| TASK INSTRUCTIONS |
Among the records below, find the line that has "El-1001-beg 10 Ft."; from there, give the lines again exactly, and stop after the line that has "Beaducation Stamping on".

| SOURCE INFORMATION |
•••••

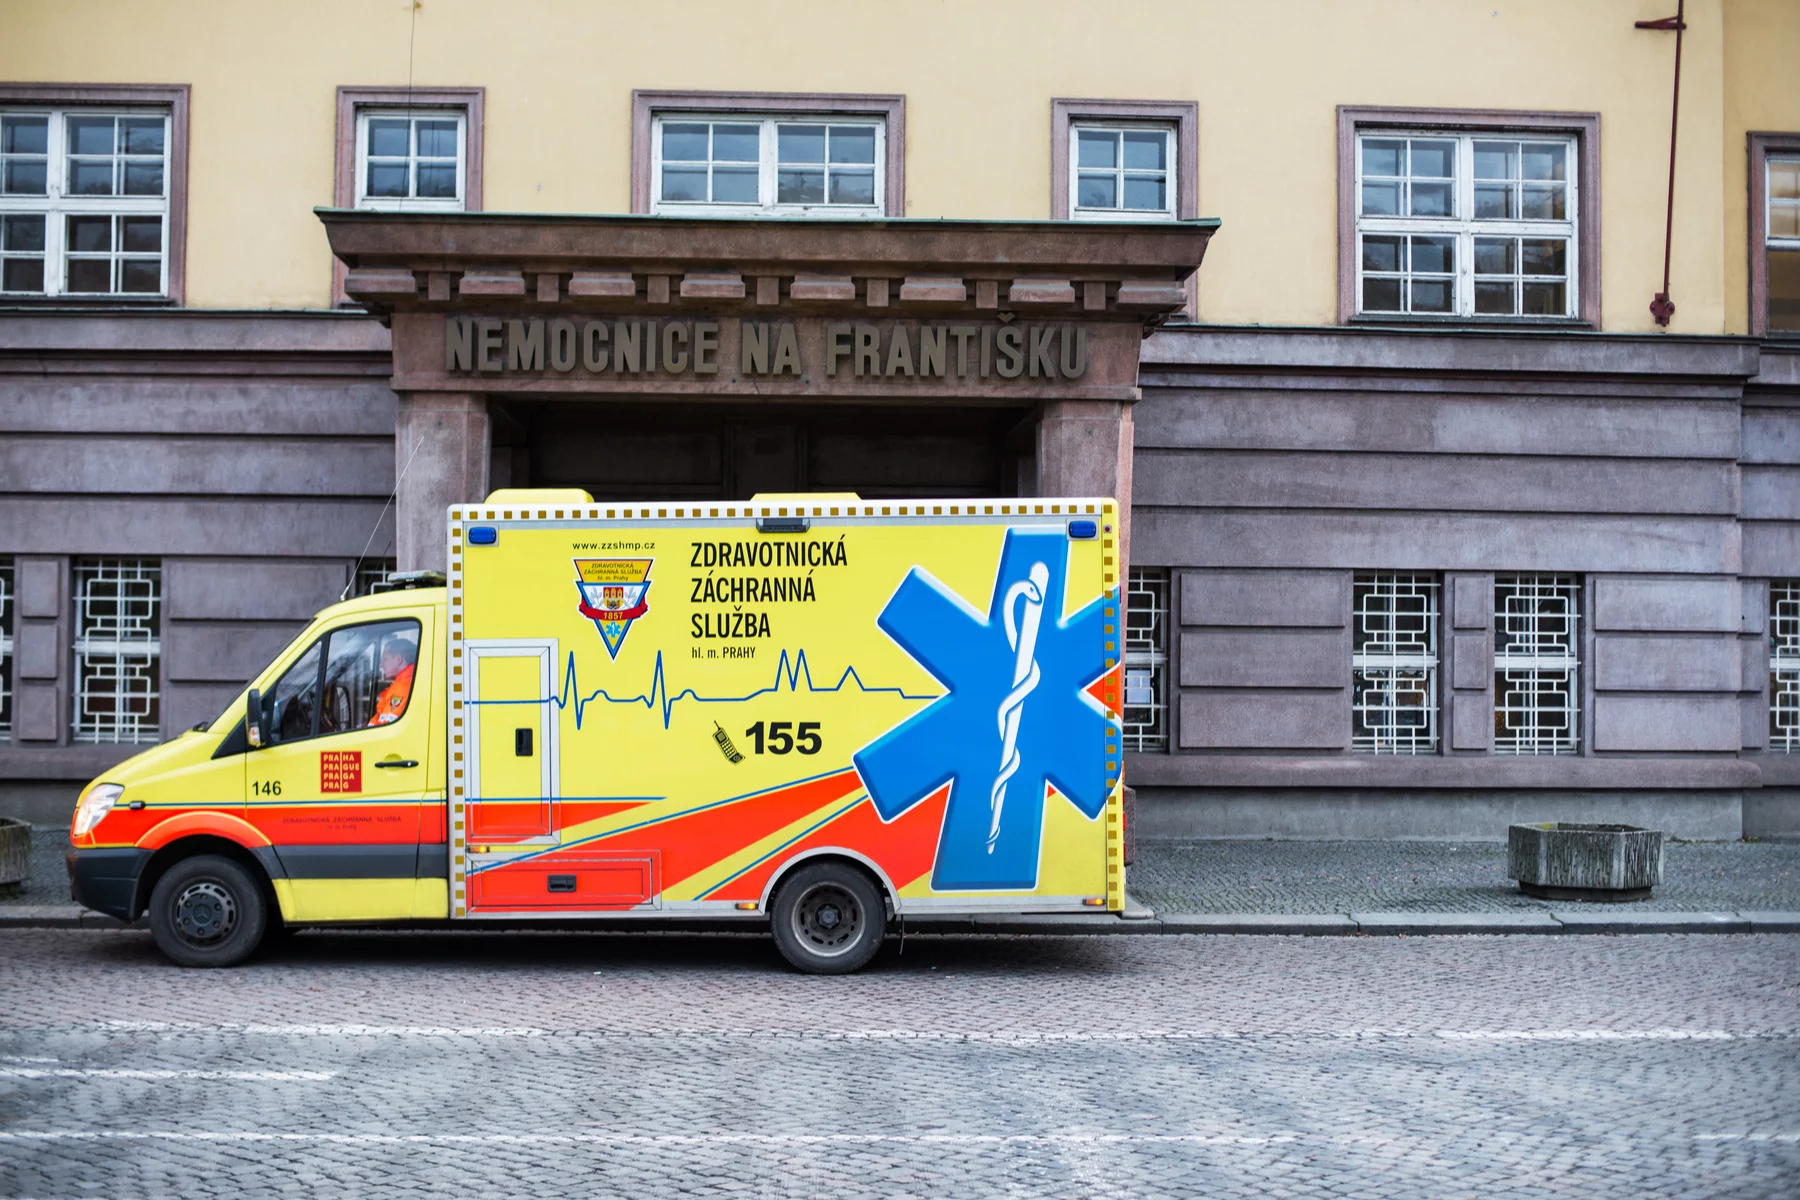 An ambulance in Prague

•••••

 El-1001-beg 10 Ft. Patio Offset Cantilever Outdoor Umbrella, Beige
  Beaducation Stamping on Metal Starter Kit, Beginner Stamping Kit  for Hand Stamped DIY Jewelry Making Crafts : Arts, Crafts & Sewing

•••••

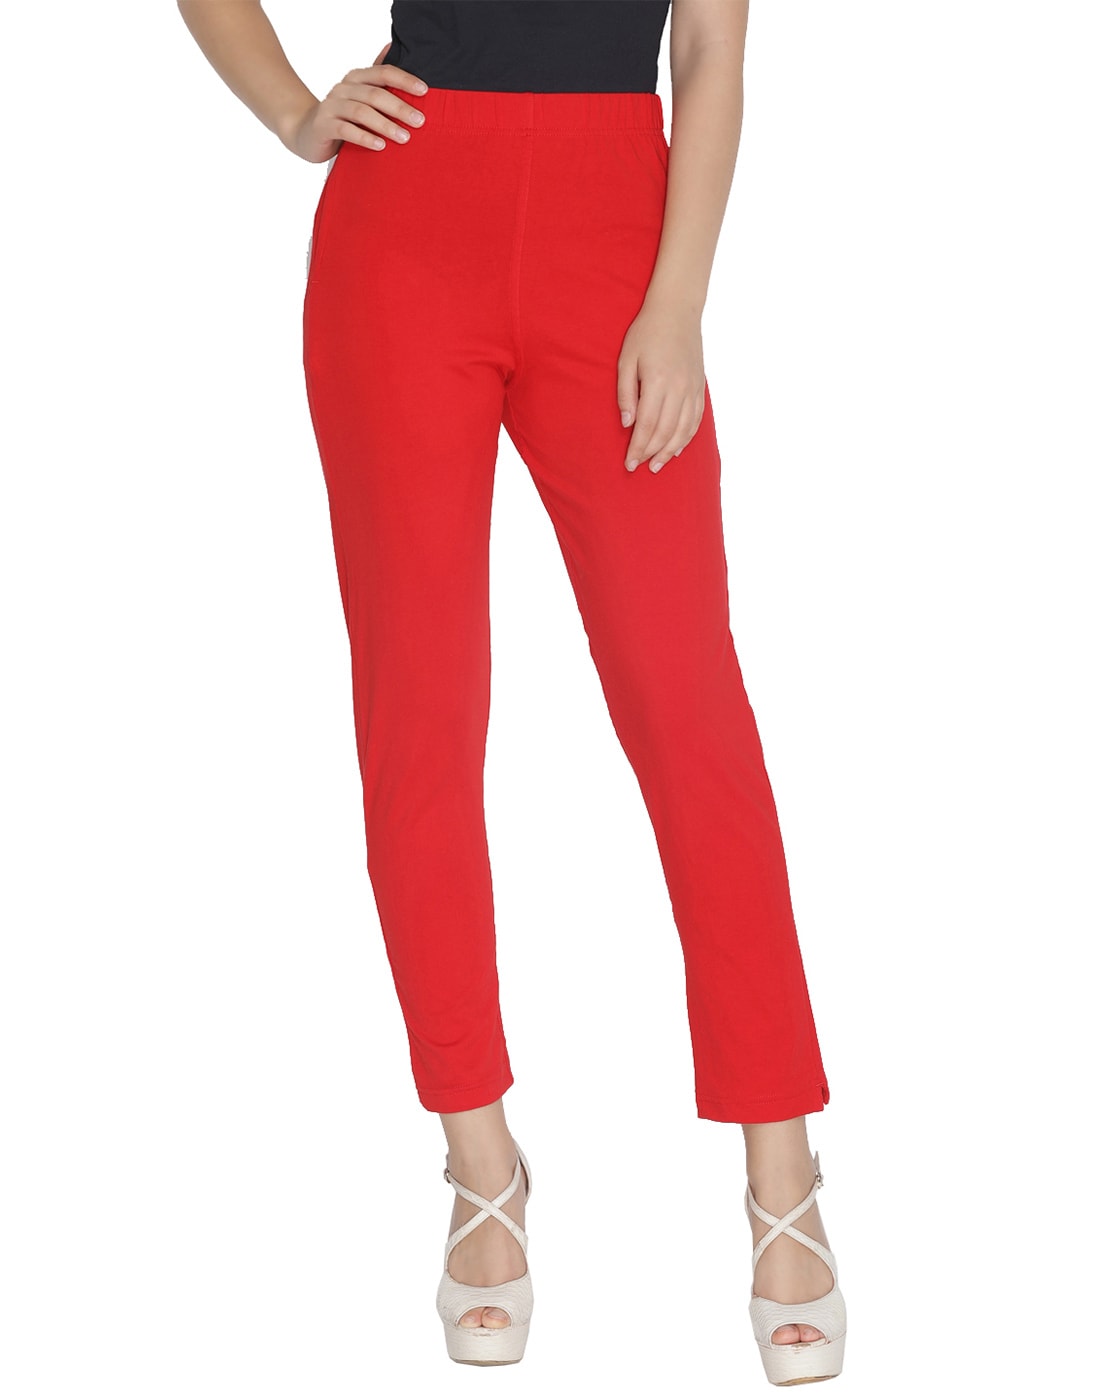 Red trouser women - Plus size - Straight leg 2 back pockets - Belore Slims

•••••

| REPLY TO THE TASK |
 El-1001-beg 10 Ft. Patio Offset Cantilever Outdoor Umbrella, Beige
  Beaducation Stamping on Metal Starter Kit, Beginner Stamping Kit  for Hand Stamped DIY Jewelry Making Crafts : Arts, Crafts & Sewing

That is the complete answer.